Espiritualidade da Libertação

15/03/2010 00:08

 

Espiritualidade da libertação

 

 

 

            A espiritualidade, no sentido estrito e profundo do termo, é o domínio do Espírito. Se “a verdade nos há de fazer livres” (Jo 8,32), o Espírito é que “nos conduzirá à verdade completa” (Jo 16,3), nos levará a liberdade plena. À libertação de tudo o que nos impede de realizar-nos como homens e mulheres, filhos e filhas de Deus, e à liberdade de amar e entrar em comunhão com Deus e com os demais. Levar-nos-á pelo caminho da libertação, pois “onde está o Espírito do Senhor, ai está a liberdade” (2Cor 3,17).

 

Nesse sentido, a espiritualidade latino-americana se caracteriza claramente por uma referencia fundamental constante à realidade. Uma paixão pela realidade, um “realismo” elementar. Trata-se de uma referencia dupla, tanto de origem como de uma finalidade. De origem: porque toda ação, toda abordagem, toda teoria, todo estudo, toda vivencia, todo projeto...deve partir da realidade. De finalidade: porque se trata sempre de um processo que aponta definitivamente para um objetivo central: voltar à realidade, eis o realismo nada mágico da espiritualidade latino-americana. [1]

 

            Partir da realidade significa também partir de baixo para cima, quer dizer indutivamente, a partir da experiência da realidade, pela participação a partir da base, não dedutivamente, nem de laboratório intelectual, nem de decisões verticais da autoridade. Significa também partir de dentro para fora, quer dizer, por um procedimento conscientizador, que busca o desenvolvimento autogerido de pessoas e da comunidade, não de forma autoritária, imposta e compulsiva.
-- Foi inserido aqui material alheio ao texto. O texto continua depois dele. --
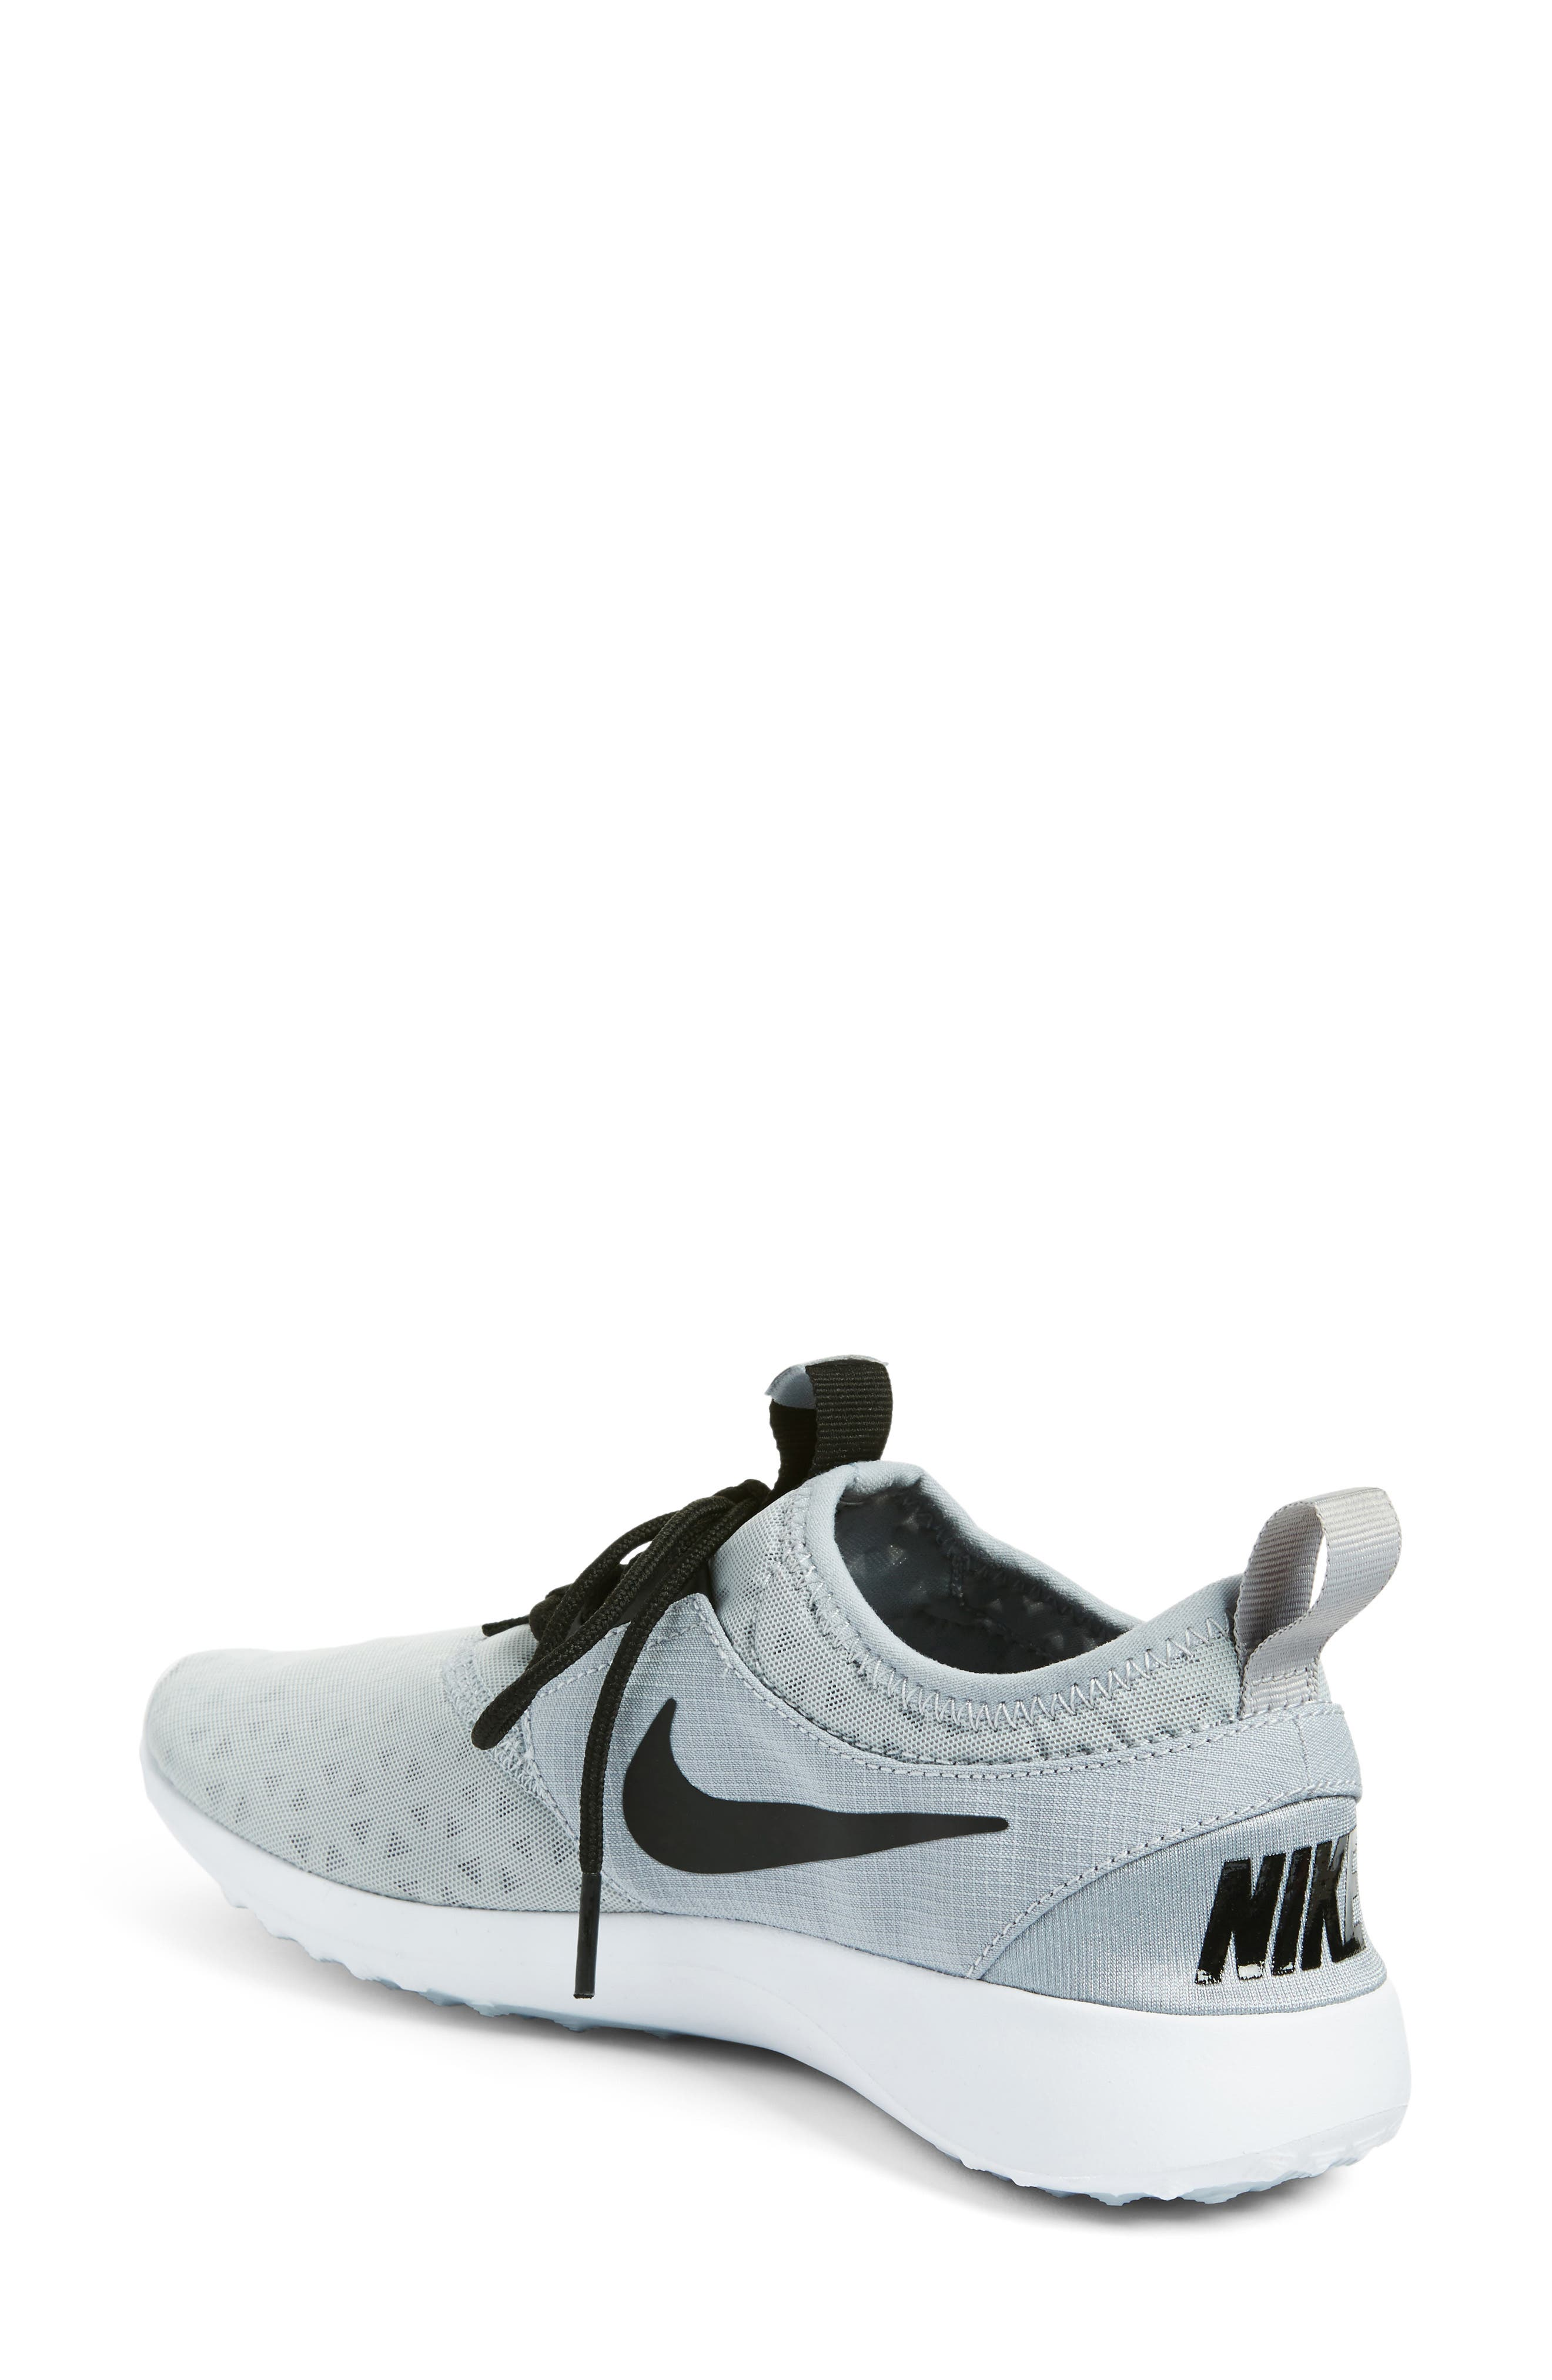 ,                             'Juvenate' Sneaker,                             Alternate thumbnail 83, color,                             035

            Não basta apenas falar da realidade fora de seu contexto, mas sim de uma análise, a análise da realidade marca a superação da aceitação acrítica da realidade, da passividade, da resignação, da ingenuidade política. É a busca constante das causas históricas e estruturais, as raízes internas e profundas que partem do passado, que vem mais de trás e de mais de dentro. Por causas estruturais entende-se a raiz de toda a problemática não apenas a superficialidade da realidade.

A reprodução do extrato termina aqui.